Using LucidWorks on Windows Azure (Part 1 of a multi-part MS Open Tech series)
LucidWorks Search on Windows Azure delivers a high-performance search service based on Apache Lucene/Solr open source indexing and search technology. This service enables quick and easy provisioning of Lucene/Solr search functionality on Windows Azure without any need to manage and operate Lucene/Solr servers, and it supports pre-built connectors for various types of enterprise data, structured data, unstructured data and web sites.
In June, we shared an overview of the LucidWorks Search service for Windows Azure. For this post, the first in a series, we’ll cover a few of the concepts you need to know to get the most out of the LucidWorks search service on Windows Azure. In future posts we’ll show you how to set up a LucidWorks service on Windows Azure and demonstrate how to integrate search with Web sites, unstructured data and structured data.
Options for Developers
Developers can add search to their existing Web Sites, or create a new Windows Azure Web site with search as a central function. For example, in future posts in this series, we’ll create a simple Windows Azure web site that will use the LucidWorks search service to index and search the contents of other Web sites. Then we’ll enable search from the same demo Web site against a set of unstructured data and MySQL structured data in other locations.

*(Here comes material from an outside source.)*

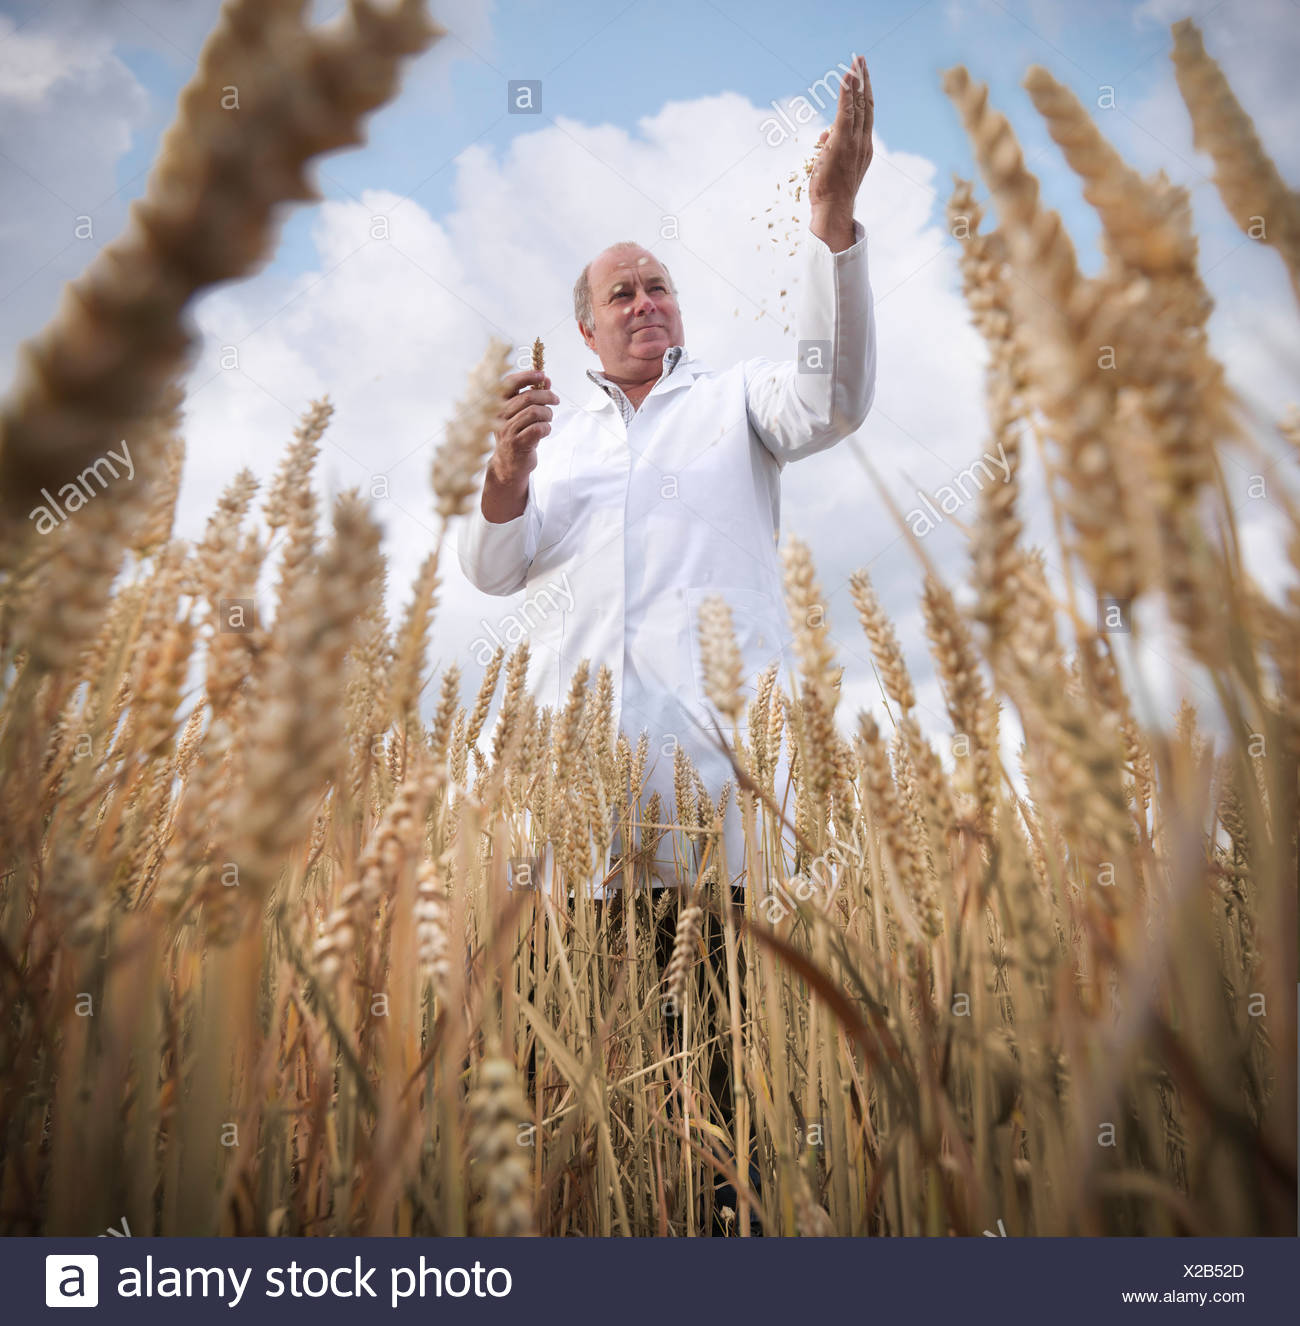 Scientist examining wheat grain in field - Stock Image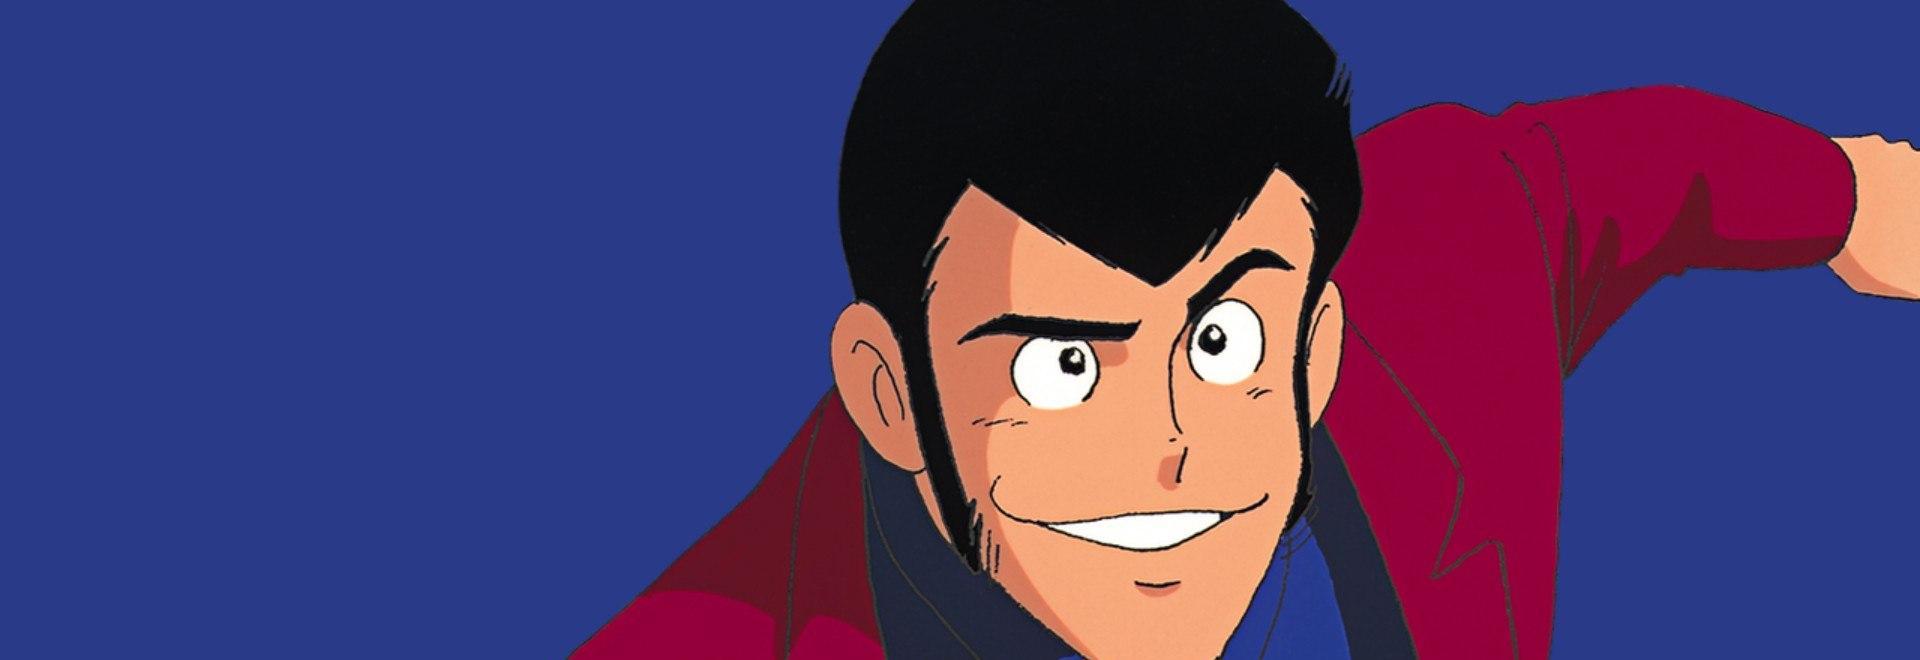 Lupin cowboy

Overview: Documents, Fields, and Collections
LucidWorks creates an index of unstructured and structured data. Any individual item that is indexed and/or searched is called a Document. Documents can be a row in a structured data source or a file in an unstructured data source, or anything else that Solr/Lucene understands.
An individual item in a Document is called a Field. Same concept – fields can be columns of data in a structured source or a word in an unstructured source, or anything in between. Fields are generally atomic, in other words they cannot be broken down into smaller items.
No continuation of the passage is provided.